New York, Oct. 14: Six months after America Online bought Time Warner, the merged company’s top executives rejected arguments from its chief financial officer that they should back down from their ambitious promises to Wall Street, three senior executives involved in the company’s deliberations now say.
Instead, the executives waited two more months, until September 2001, to publicly acknowledge that the company would badly miss the financial projections made at the time of the merger.
The chief financial officer, J. Michael Kelly, made his case while preparing AOL Time Warner’s second-quarter earnings report in July 2001, arguing that a prolonged downturn in the advertising market was jeopardising the company’s promise of an annual operating profit, excluding certain charges, of $ 11 billion in the merger’s first year, the senior executives said.
But Kelly’s boss, Gerald M. Levin, the former chief executive, and Robert W. Pittman, the former co-chief operating officer, overruled him, arguing that the combination of new company-wide advertising deals and deep cost cuts could still make up for any shortfalls, the senior executives said.
Richard D. Parsons, then co-chief operating officer and now chief executive, heard Kelly’s arguments but remained largely quiet on the subject, these executives said, while Stephen M. Case, the company’s chairman, was largely absent from the deliberations and did not get involved. In the end, after the September 11 attacks, the company missed its target by $ 1.35 billion.
Corporate chief executives and financial officers often have spirited debates about their projections, and Kelly eventually signed off on the company’s public statements. But his caution in July 2001 suggests that AOL Time Warner’s top executives may have been more aware of the risks to the company’s results than they have previously acknowledged.
Kelly was the executive most directly responsible for the company’s financial reports and was the chief financial officer of AOL before the merger, so he had a unique familiarity with its books as well as those of the merged company.
The Securities and Exchange Commission and the Justice Department are investigating the possibility that AOL temporarily inflated its advertising revenue around the time it acquired Time Warner, and one question they are asking is how much Kelly and his colleagues knew about the precariousness of AOL’s finances, people involved in the investigations have said.

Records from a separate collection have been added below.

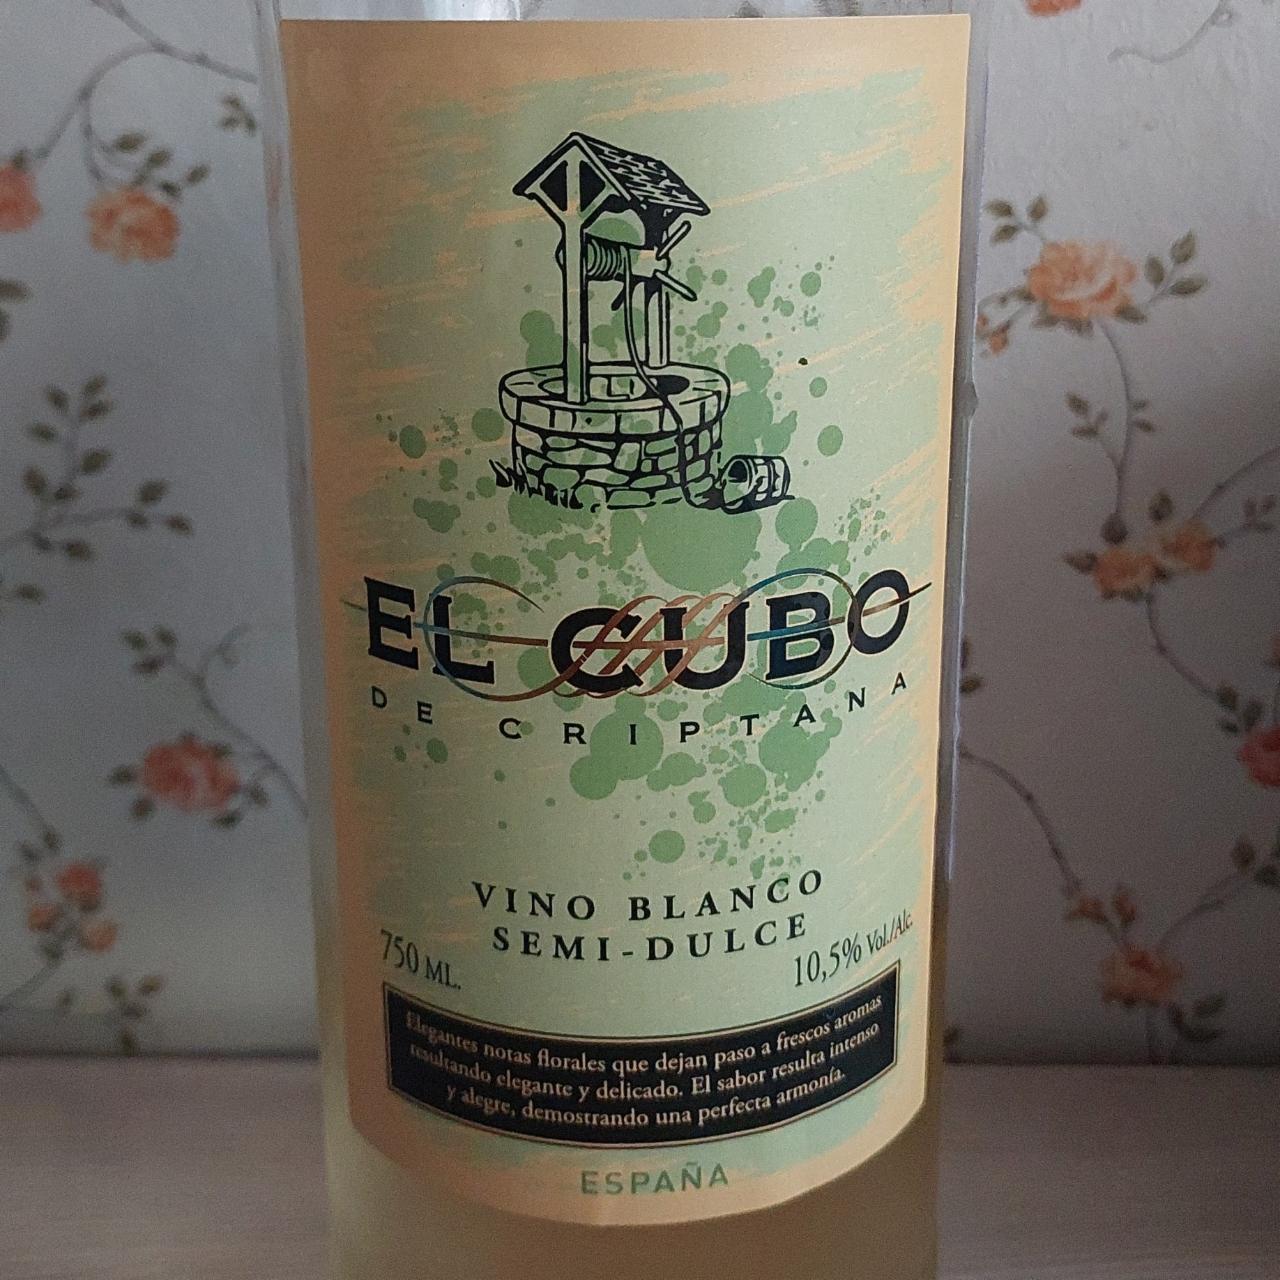 Фото - Вино белое полусладкое Эль Кубо Де Криптана 10.5% El Cubo de Criptana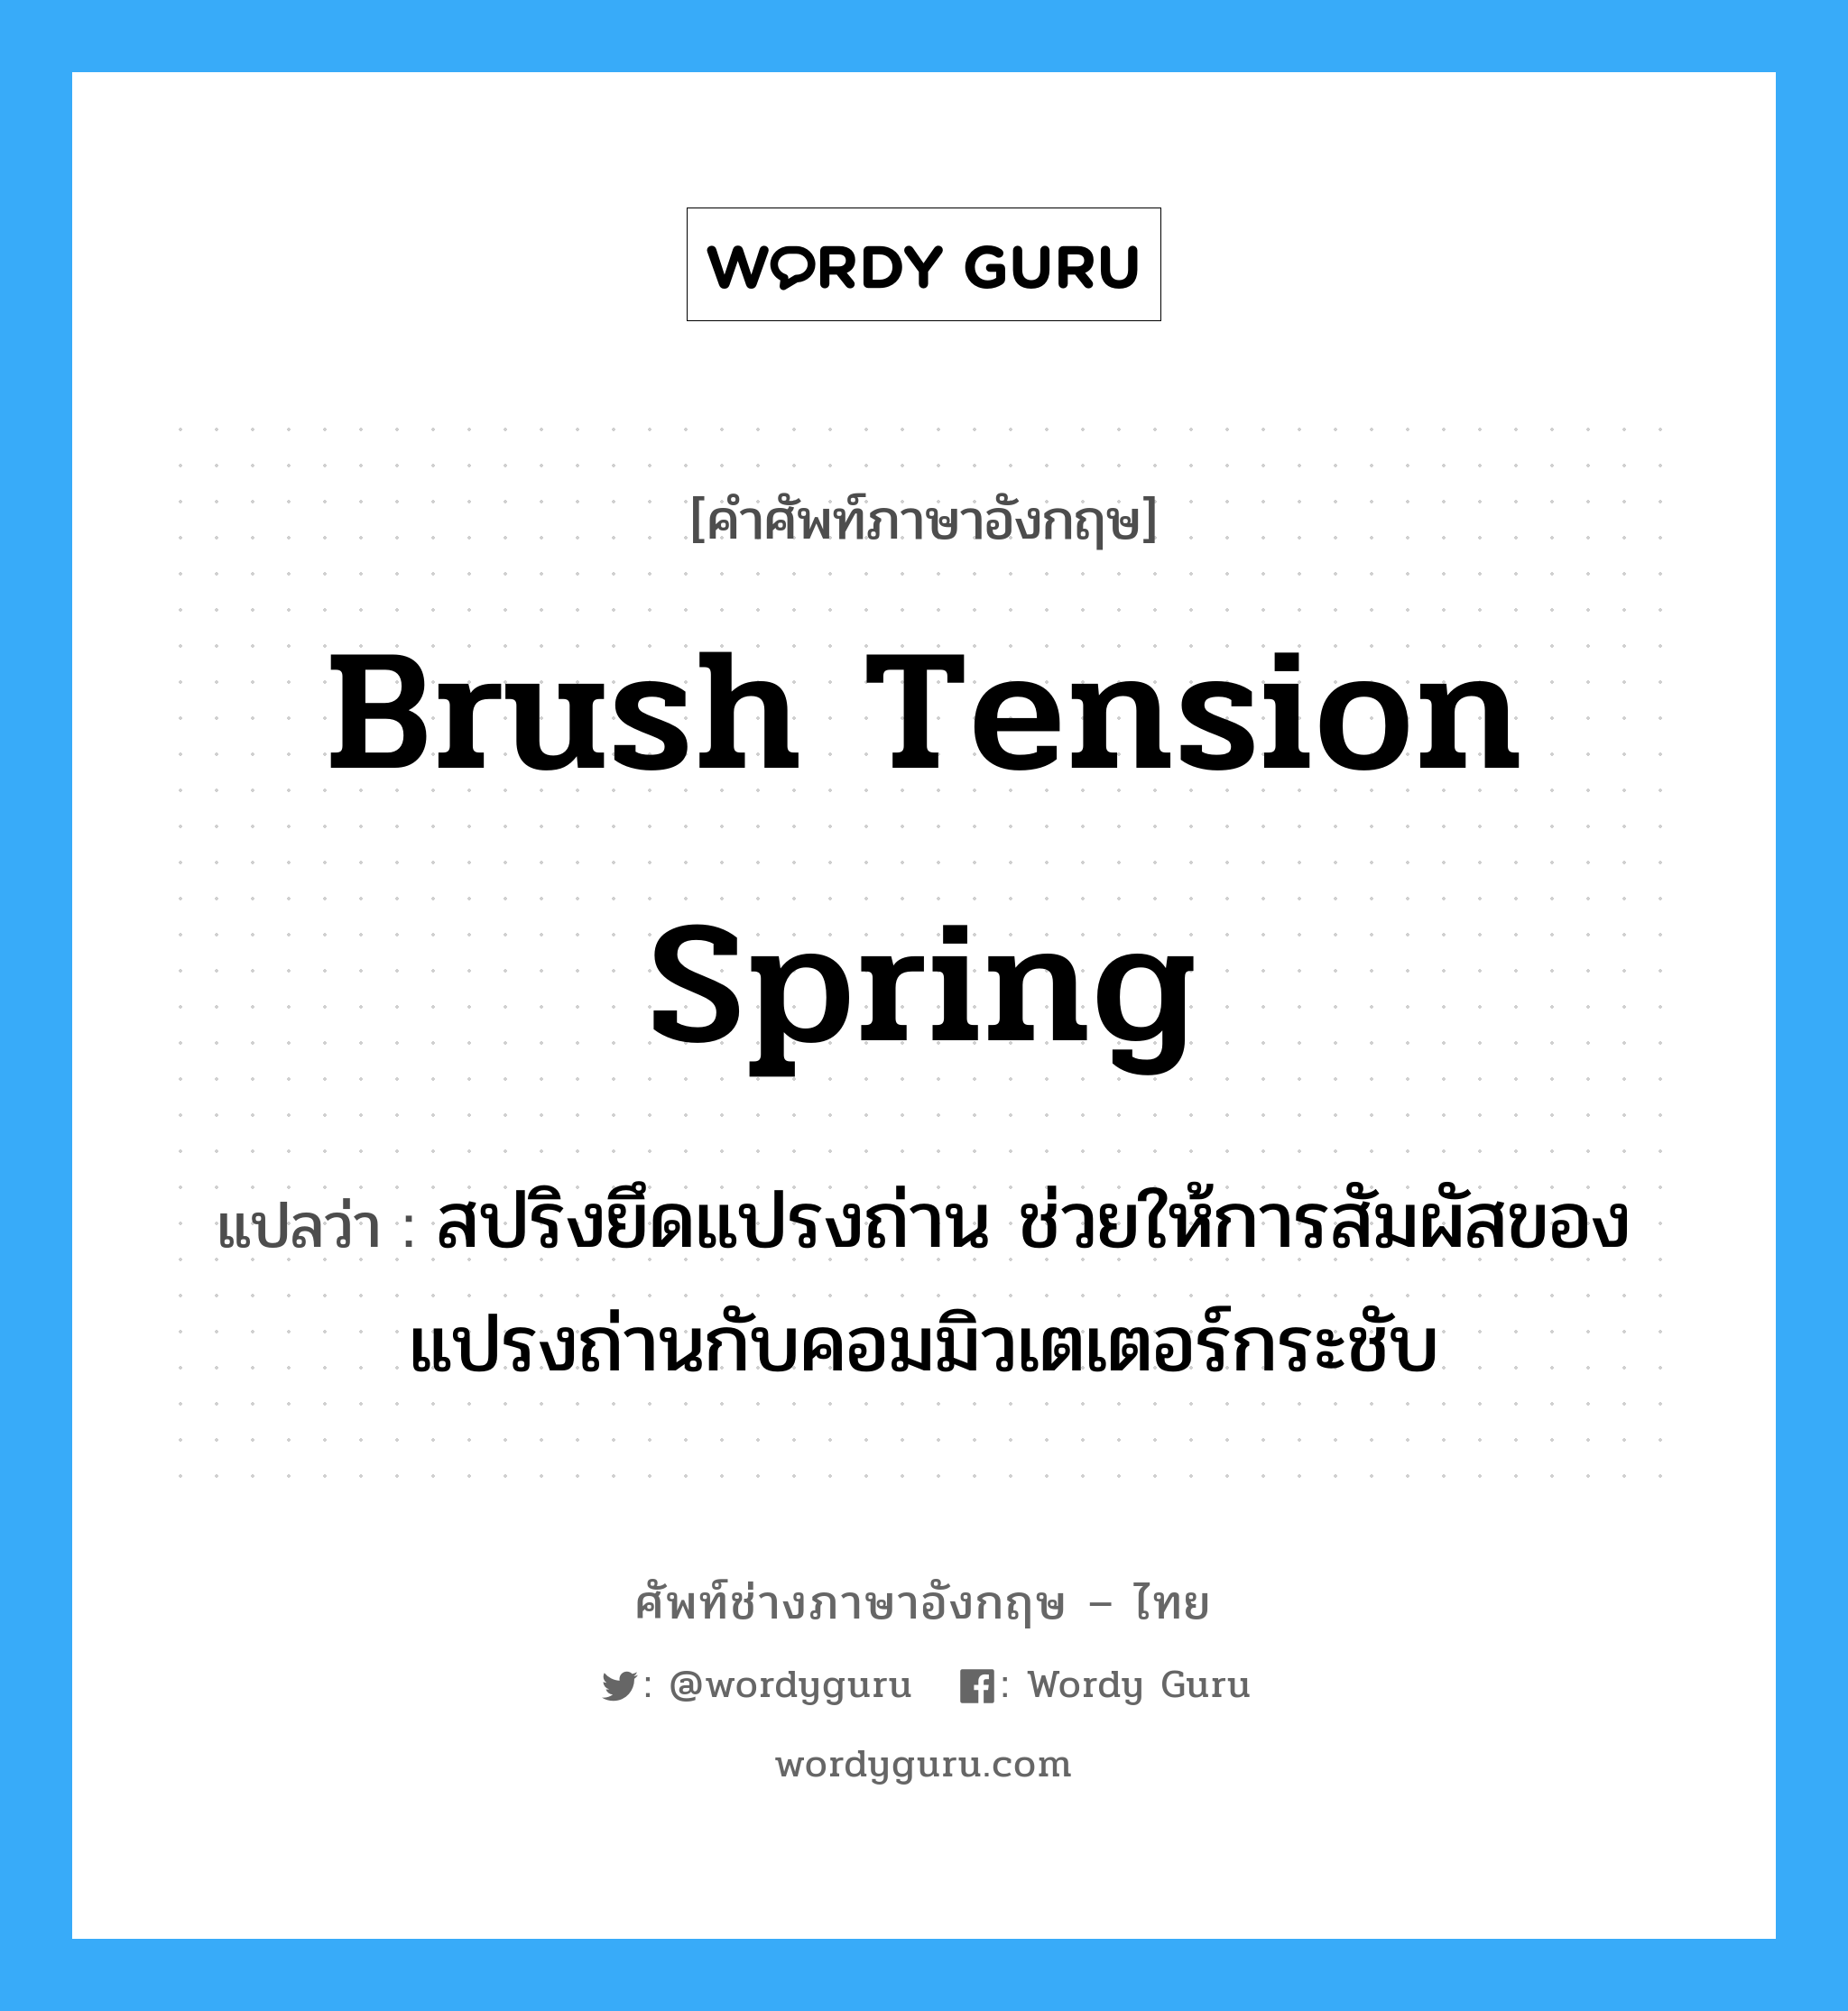 brush tension spring แปลว่า?, คำศัพท์ช่างภาษาอังกฤษ - ไทย brush tension spring คำศัพท์ภาษาอังกฤษ brush tension spring แปลว่า สปริงยึดแปรงถ่าน ช่วยให้การสัมผัสของแปรงถ่านกับคอมมิวเตเตอร์กระชับ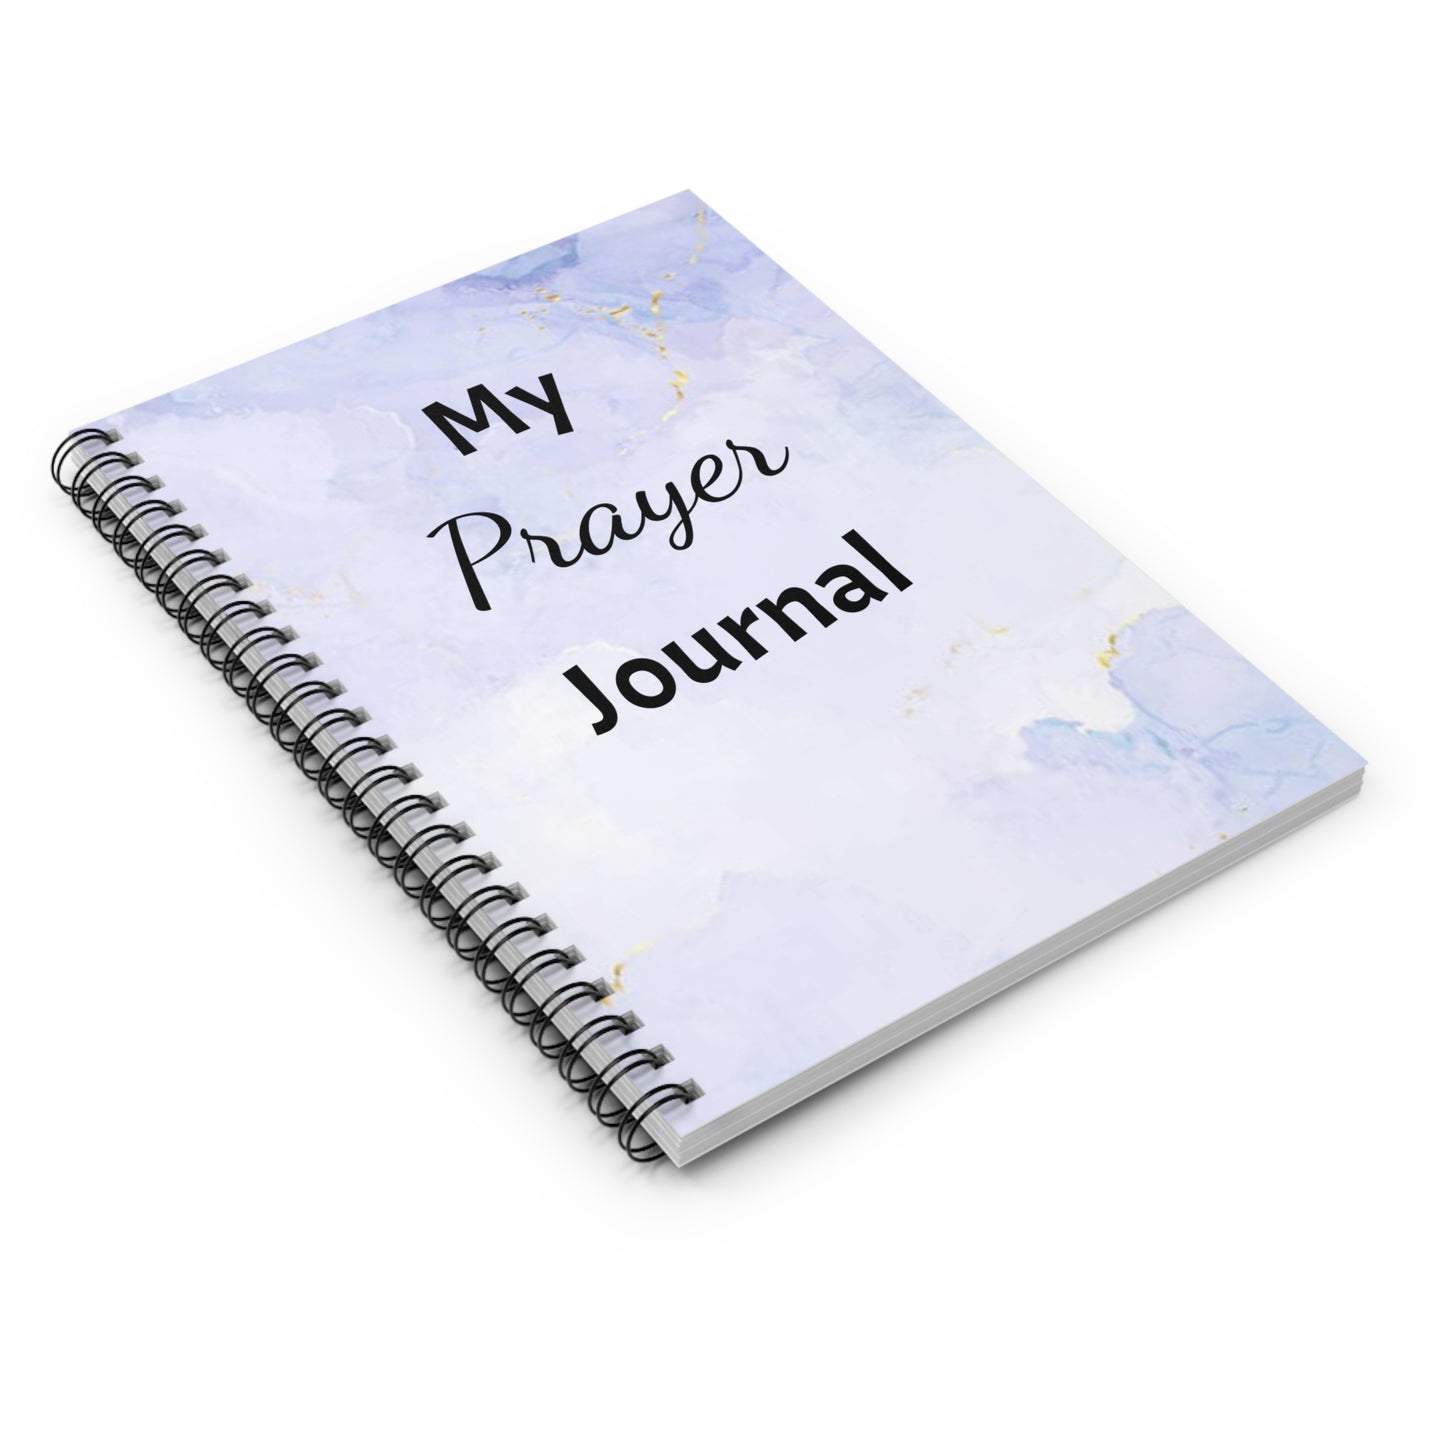 My Prayer Journal Notebook

New information emerging in light of the investigations suggests that even by the time the merger was complete, AOL’s advertising and marketing revenue — the most crucial component of the combined company’s profits and growth — already depended on a variety of unusual deals creating the temporary but unsustainable appearance of strong demand for its services. More than $ 500 million of AOL’s advertising, marketing and other revenue between June 2000 and July 2001 derived from anomalous soon-to-expire deals.
The question of what the company’s top executives knew, or should have known, about the undisclosed risks hiding in AOL’s apparently robust results has become central to the company’s credibility on Wall Street.